Percorri, para a construção deste trabalho, os universos da fundamentação dos direitos humanos e fundamentais e das jurisprudências sobre povos indígenas da Corte Interamericana e do Supremo Tribunal Federal. Dessa forma, como conclusão, pretendo fazer esses dois mundos analisados dialogarem entre si, isto é, realizar uma análise crítica das jurisprudências anteriormente esmiuçadas e, com isso, detectar pautados - ou ao menos tendentes - em qual(is) fundamento(s) dos direitos humanos e fundamentais estão julgando os dois Tribunais objetos de estudo deste trabalho. Tenho, afinal, uma pergunta lançada na Introdução para responder. É hora de fazê-lo.

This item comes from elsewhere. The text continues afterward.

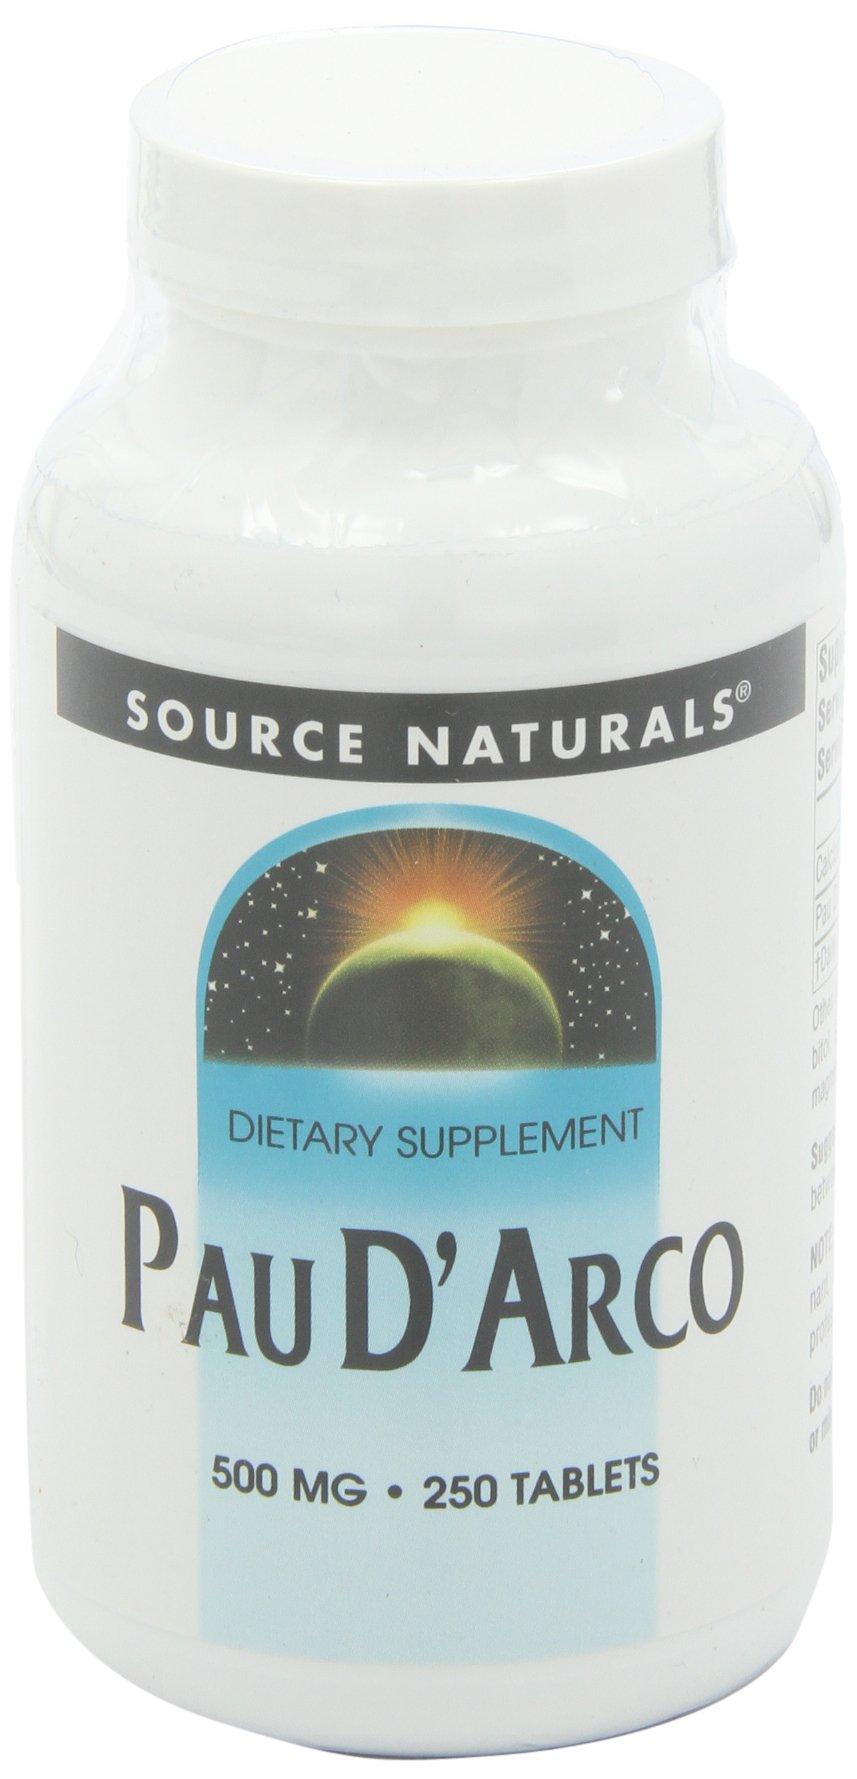 Source Naturals Pau D'Arco, 500mg, 250 Tablets

Seria errôneo tentar traçar conceitos maniqueístas de “melhor” e “pior”, ou qualquer outro do tipo, no comparativo entre essas duas jurisdições. Isso seria contrário, inclusive, à proposta de Joaquín Herrera Flores - marco teórico que escolhi, na primeira parte desta dissertação, como mestre guia à mirada que, julgo, deve ser devotada a quaisquer direitos humanos e fundamentais, inclusive aos relativos aos povos indígenas - já que esse autor busca sempre entender os textos (nesse caso os contidos nos acórdãos e sentenças) em seus

contextos (nesse caso a realidade de cada um desses Tribunais) e propõe o rompimento com ideias simplistas, unitárias, homogêneas e hierarquizadas, dando lugar ao intrincado, complexo, múltiplo, plural e horizontal, adjetivos fundamentais para entender um universo tão permeado de desafios quanto o dos direitos.

Assim, antes de entrar no comparativo há que se recordar que se tratam de jurisdições bem diferentes entre si, voltadas a públicos diferentes, manejando instrumentos positivos diferentes (embora também muitos em comum), e, ainda, com composição,

localização, competências e poderes distintos. São ambas, portanto, Cortes peculiares às suas maneiras.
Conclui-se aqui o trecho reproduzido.